Exercise data:
.....

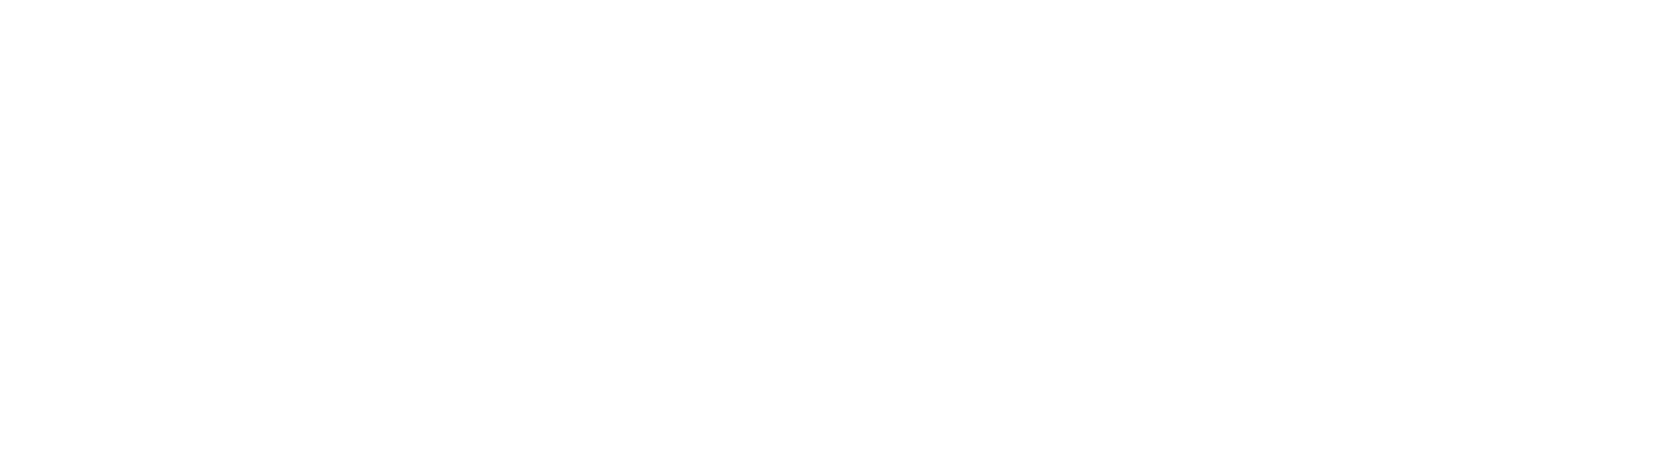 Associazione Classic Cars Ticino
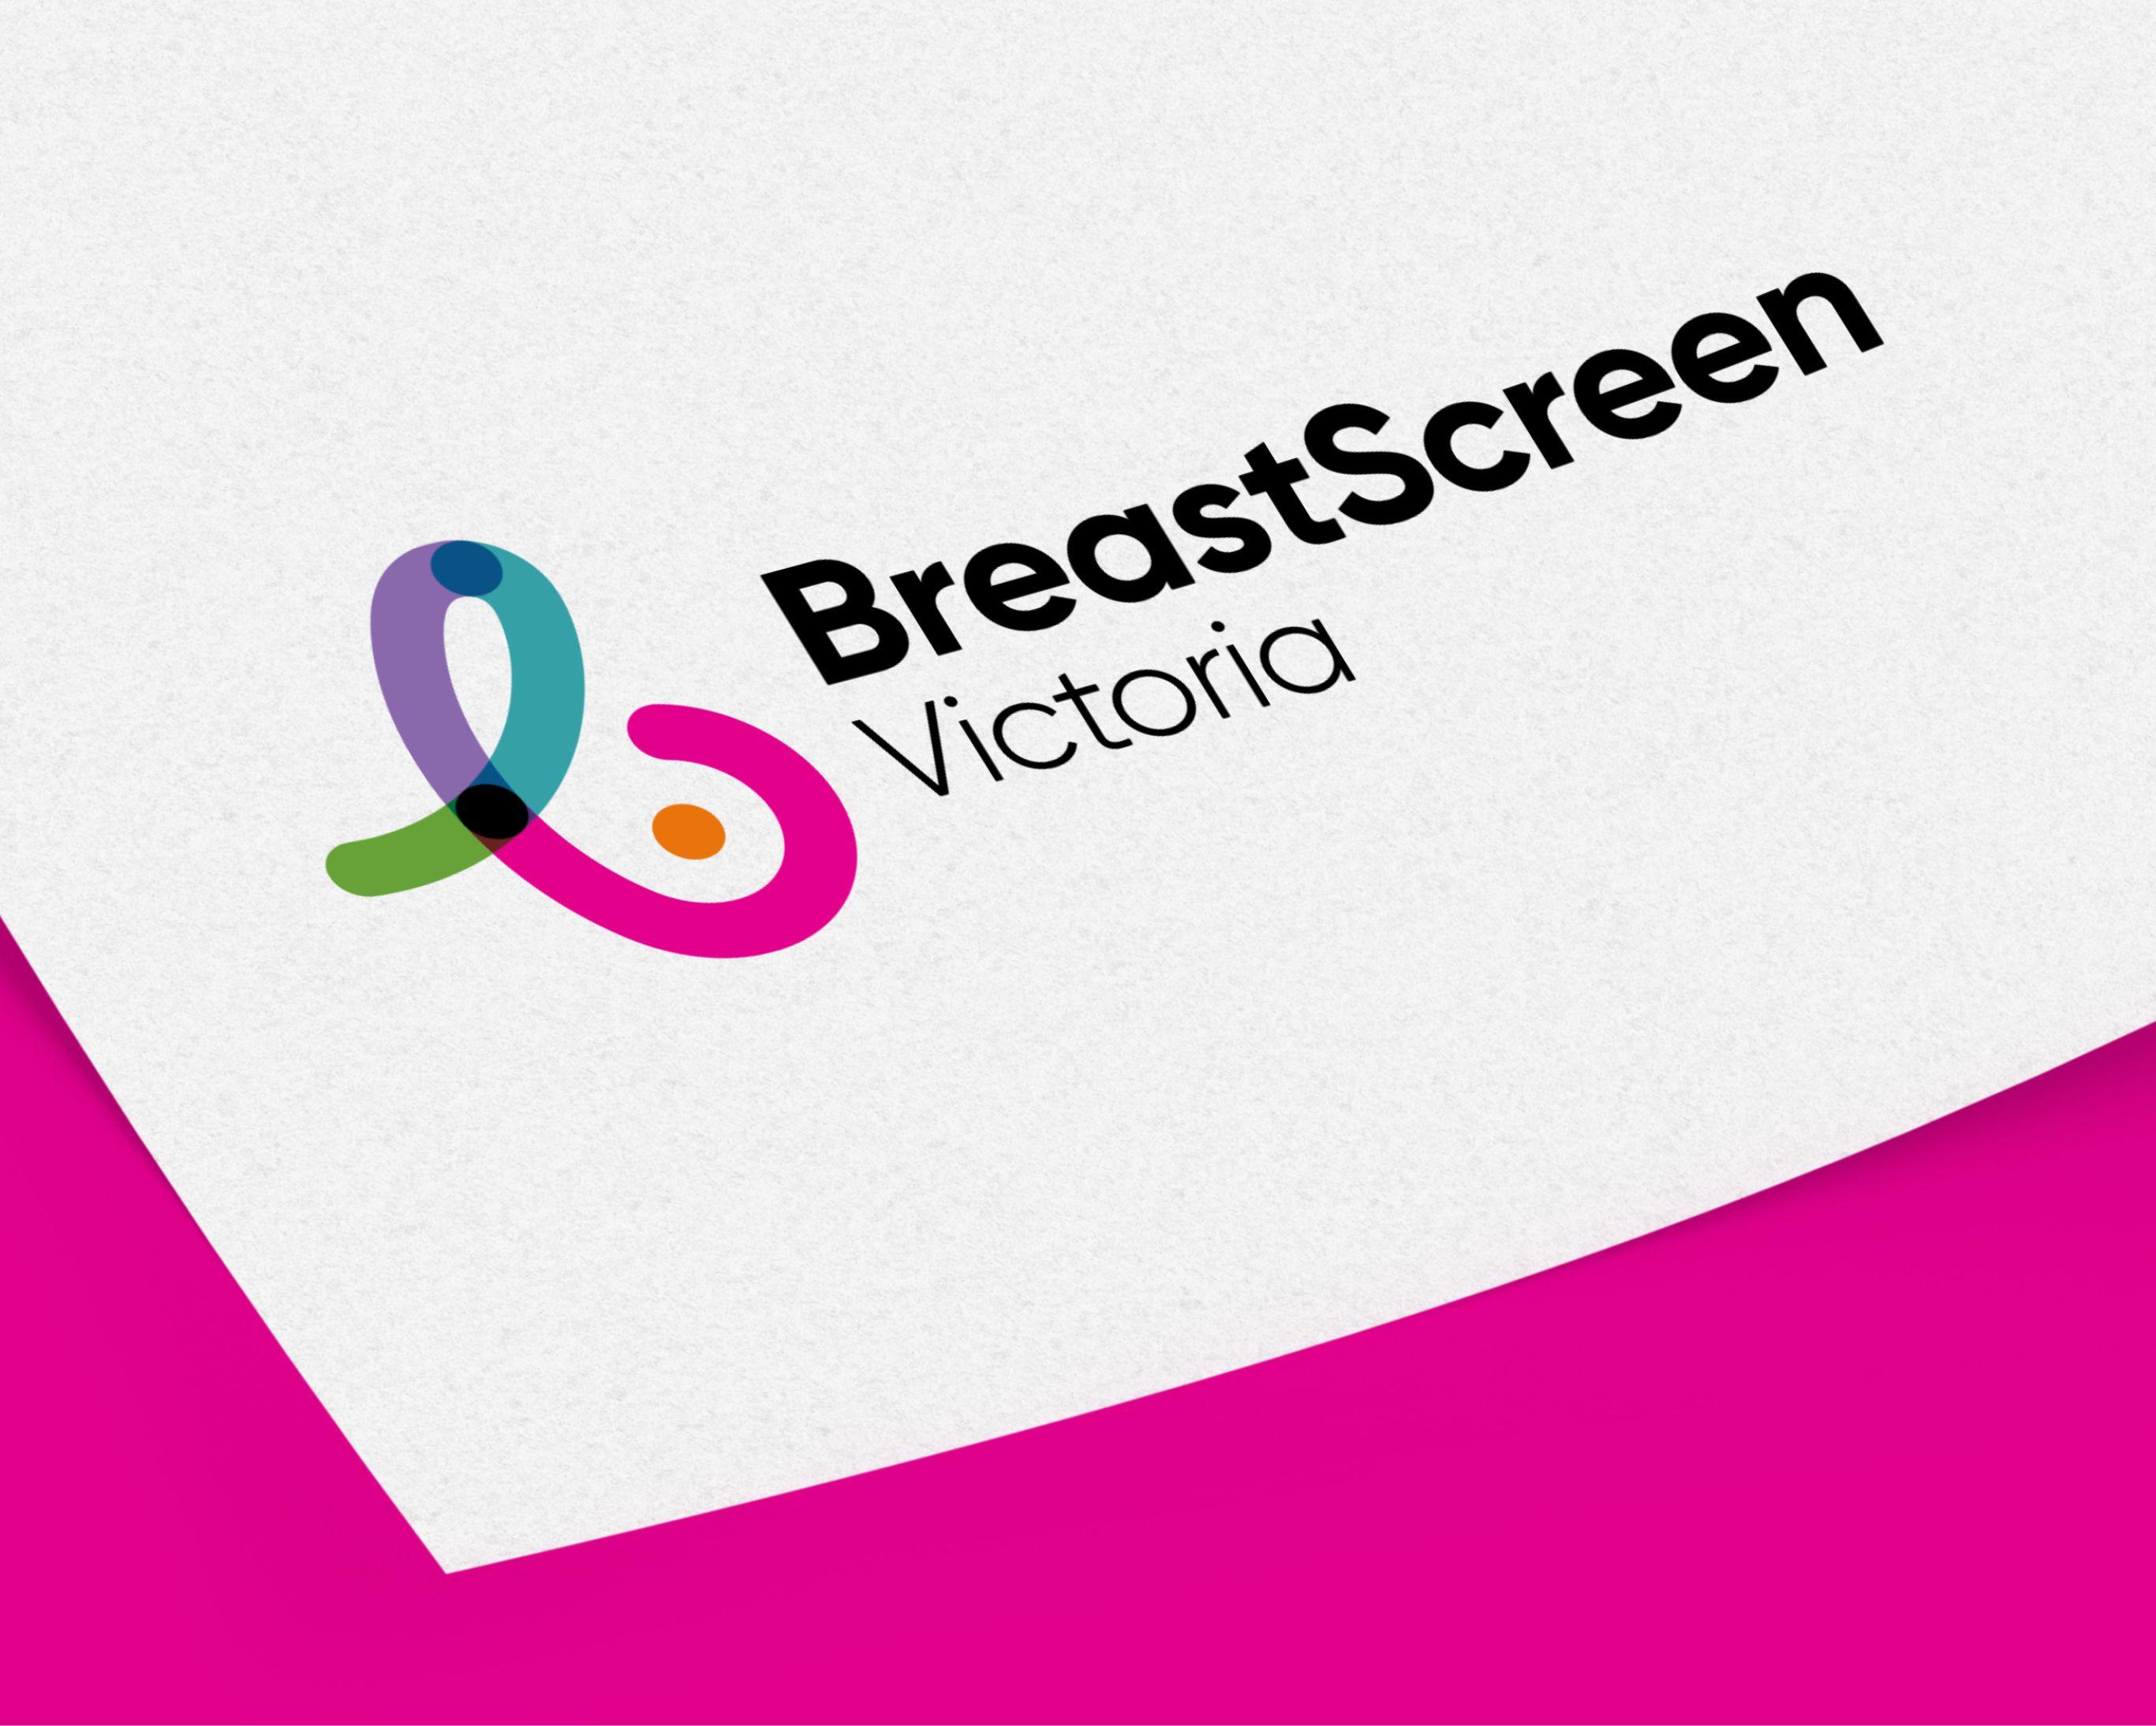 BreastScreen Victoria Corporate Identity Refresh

.....

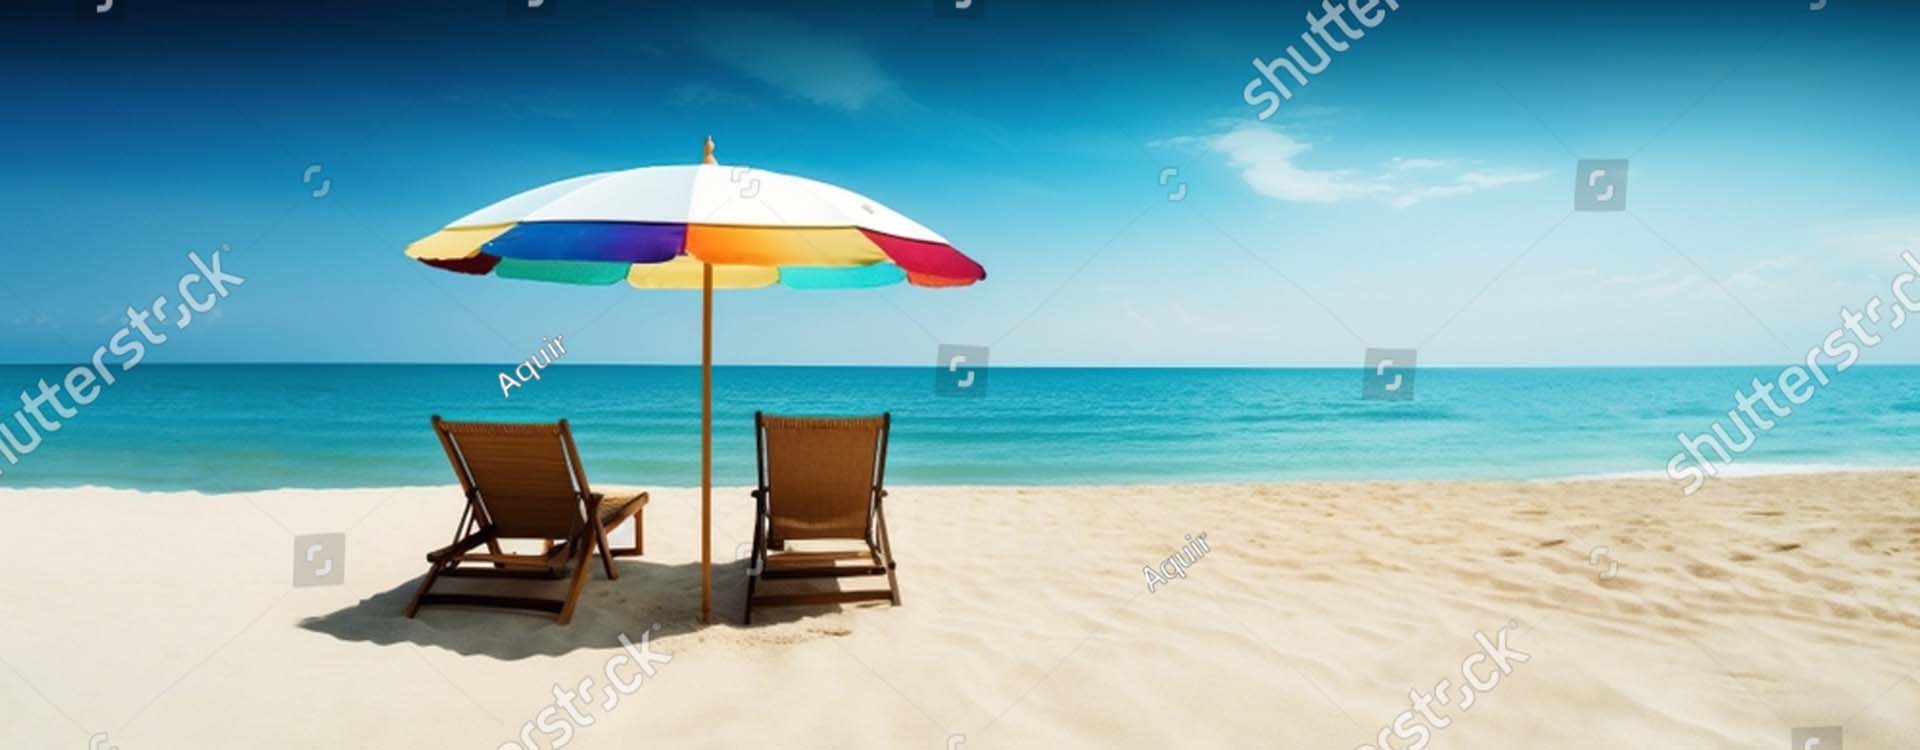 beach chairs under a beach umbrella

.....

Task to carry out: Give back exactly, and solely, the section of the data above bounded by the line containing "Associazione Classic Cars Ticino" and the line containing "BreastScreen Victoria Corporate", both bounding lines included and pictures omitted.

Answer for this exercise:
 Associazione Classic Cars Ticino
 BreastScreen Victoria Corporate Identity Refresh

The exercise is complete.